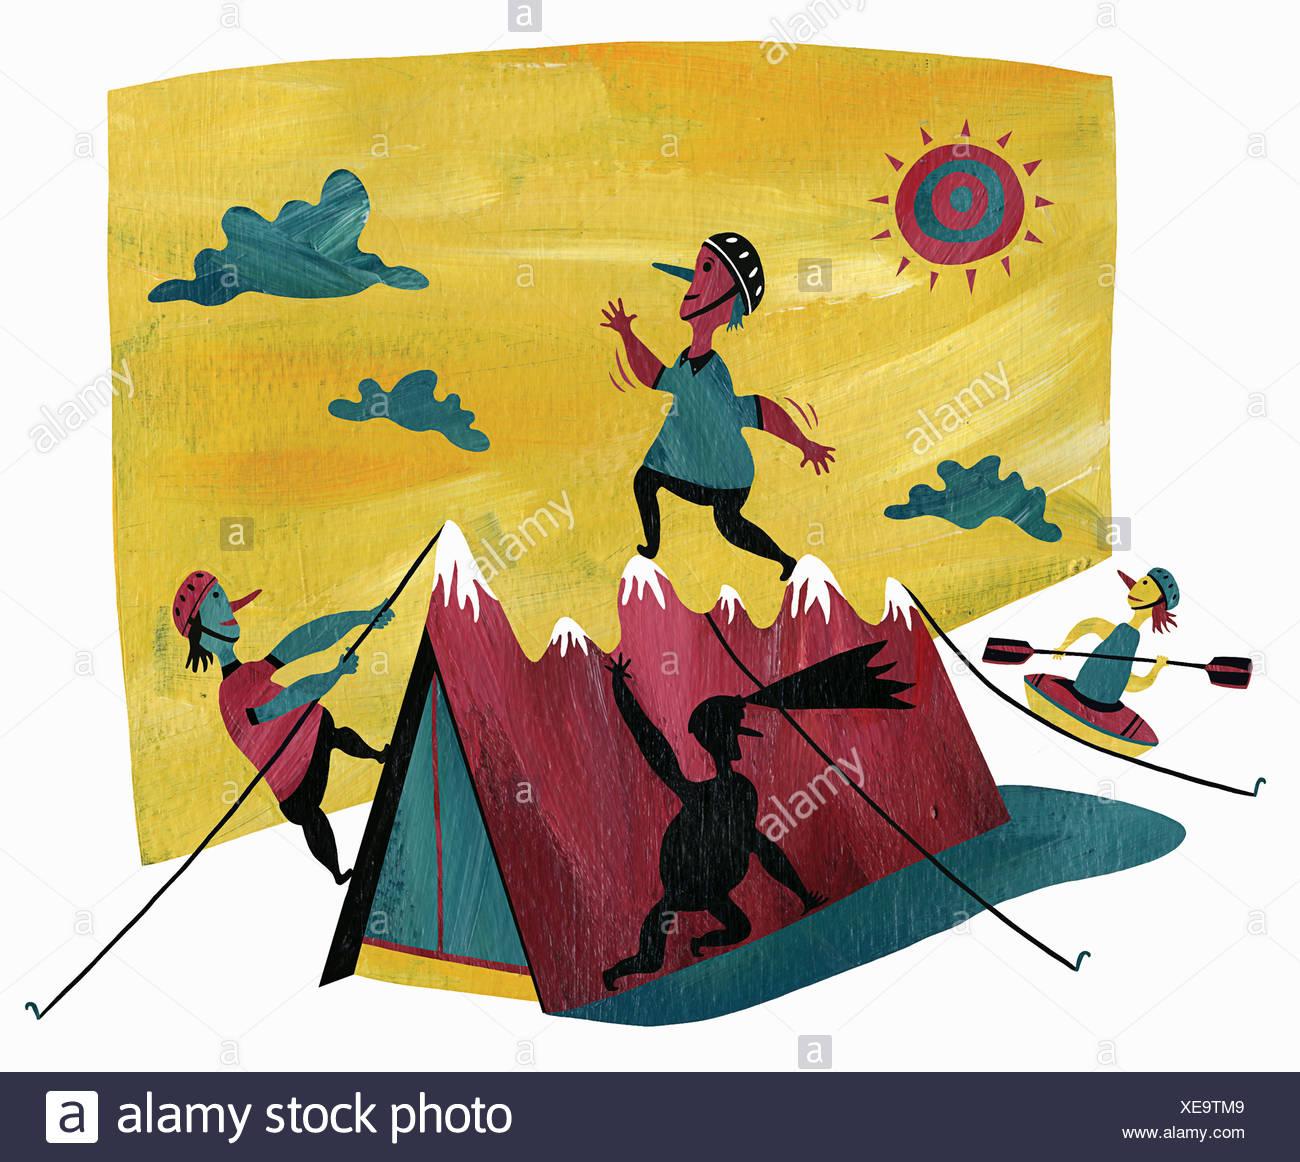 Gente disfrutar de diversas actividades al aire libre Imagen De Stock
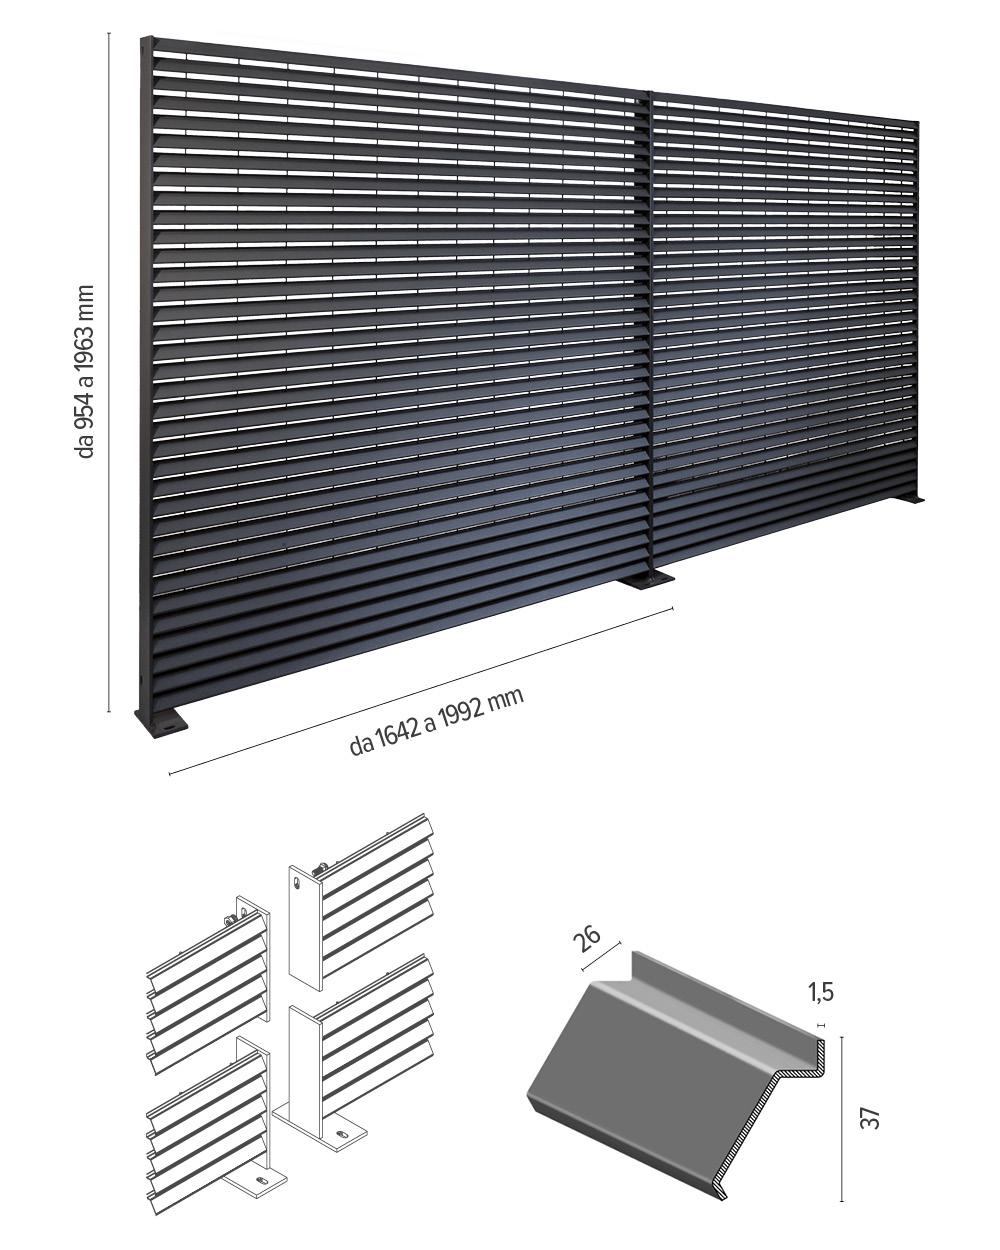 Talia ventus - info tecniche su recinzione a lamelle
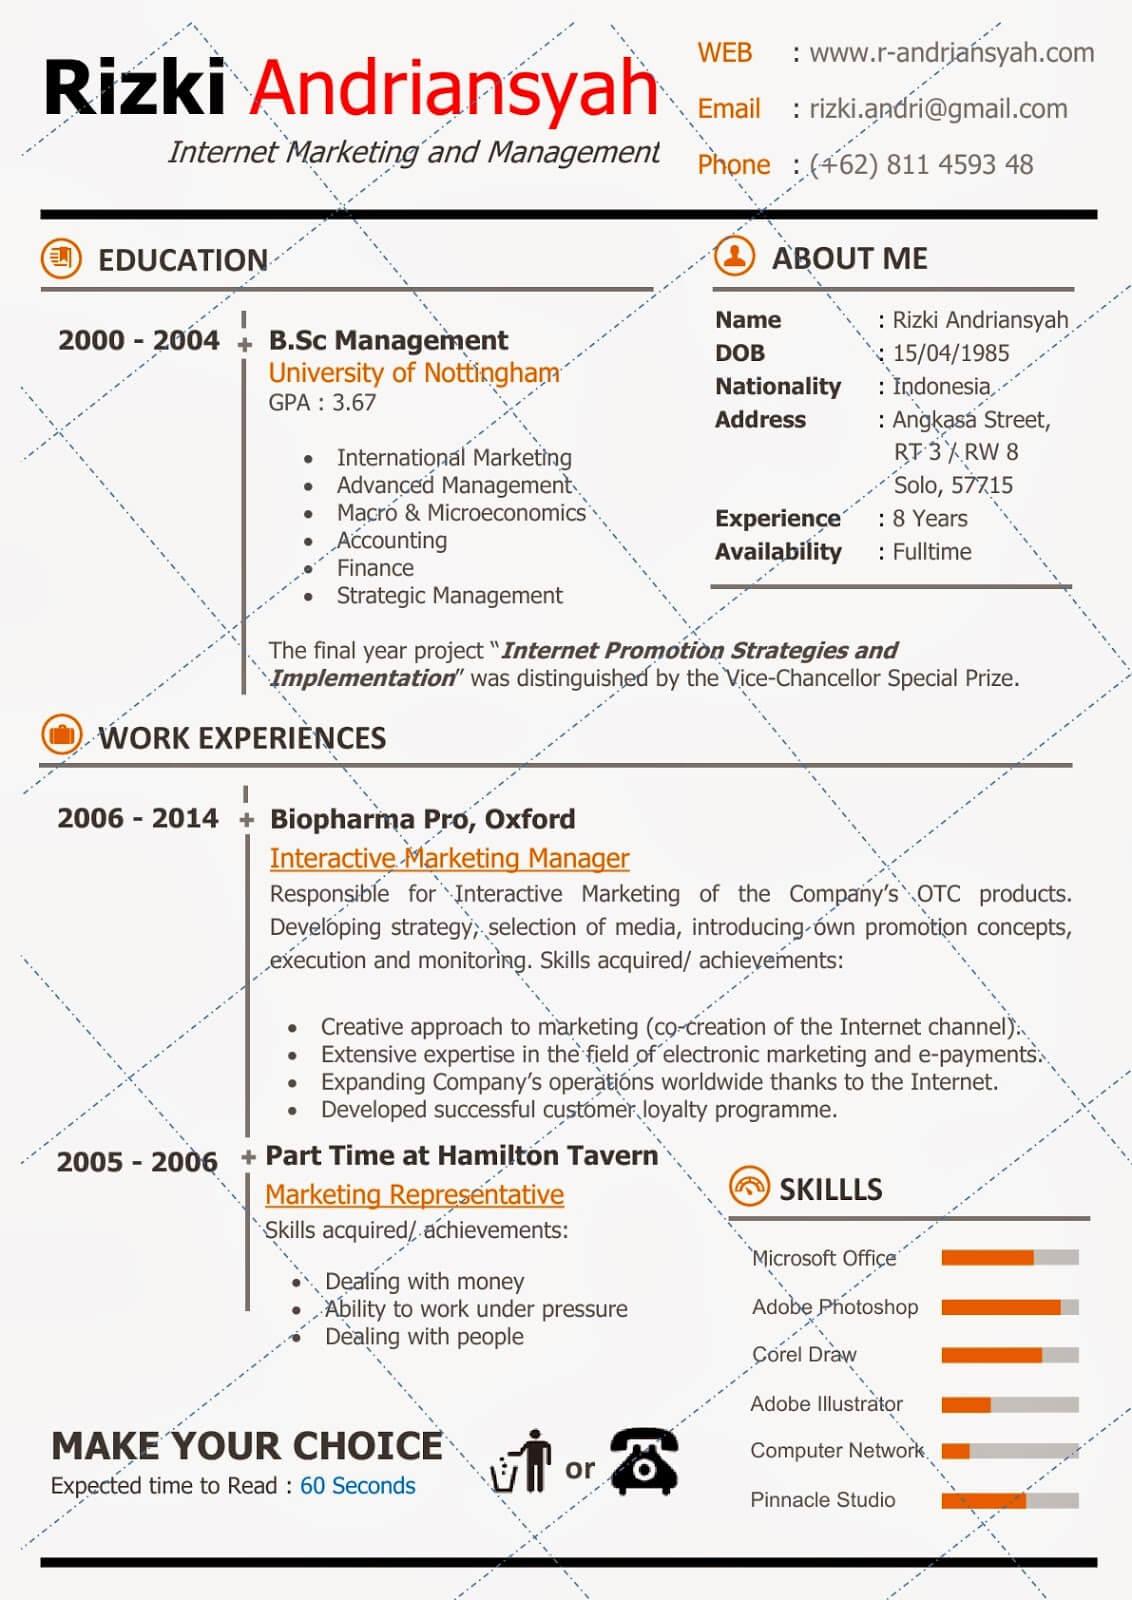 Contoh CV Dalam Bahasa Inggris Untuk Beasiswa
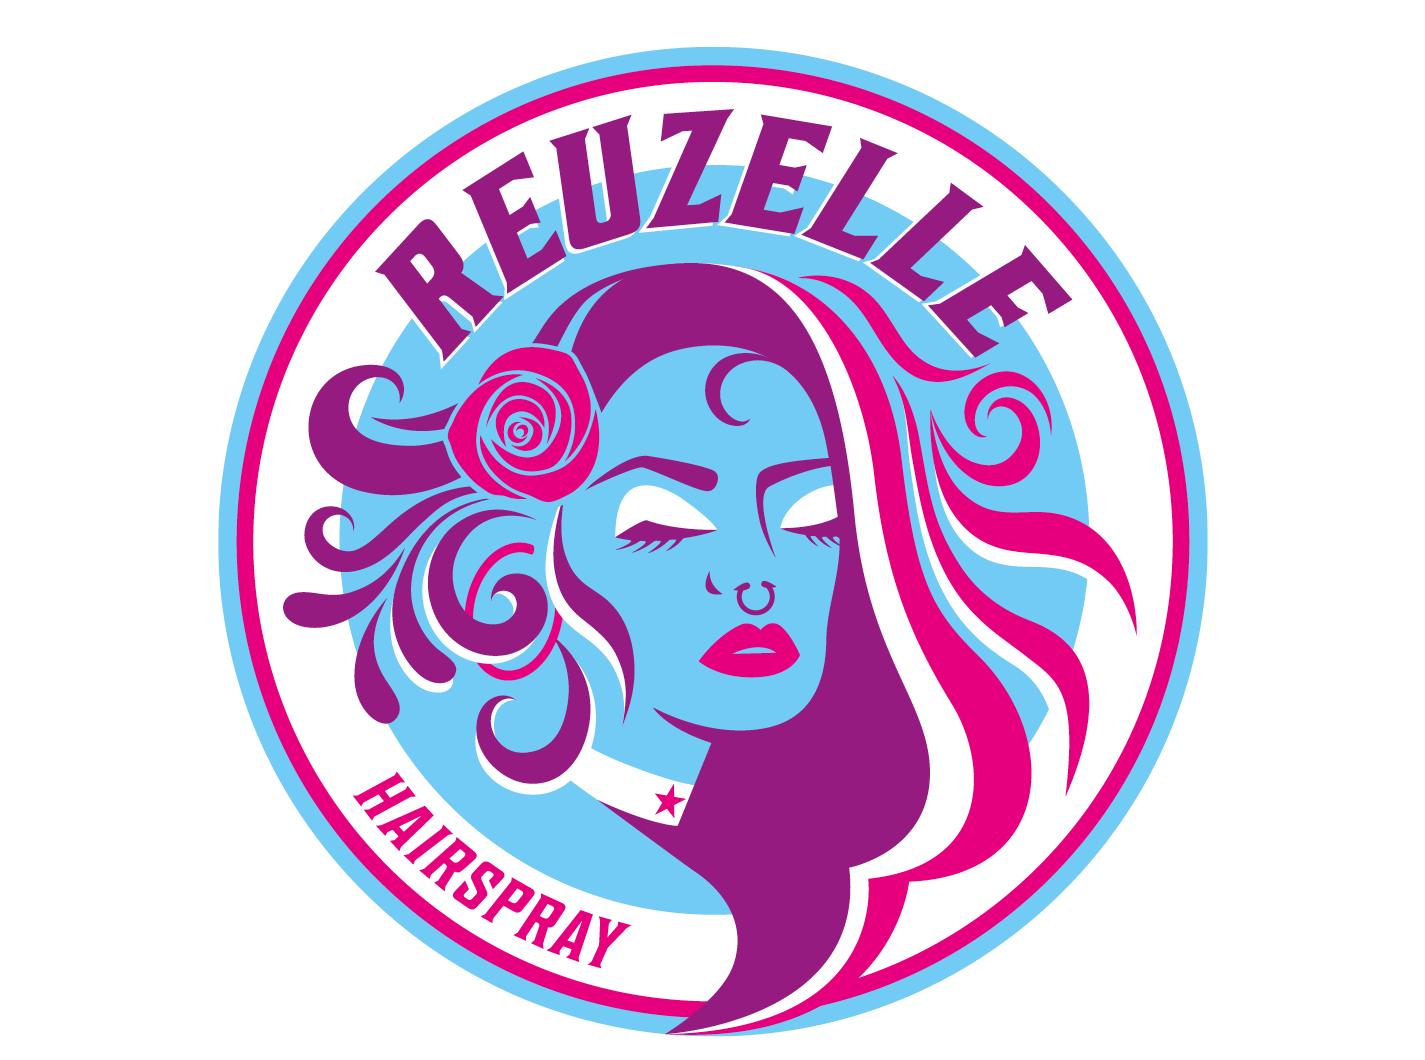 Presentatie_Reuzelle_2

**Required action**.
Print the whole listing above exactly, and keep every picture out of the copy.

**Answer for this exercise**.
 Gente disfrutar de diversas actividades al aire libre Imagen De Stock
 Talia ventus - info tecniche su recinzione a lamelle
 Contoh CV Dalam Bahasa Inggris Untuk Beasiswa
 Presentatie_Reuzelle_2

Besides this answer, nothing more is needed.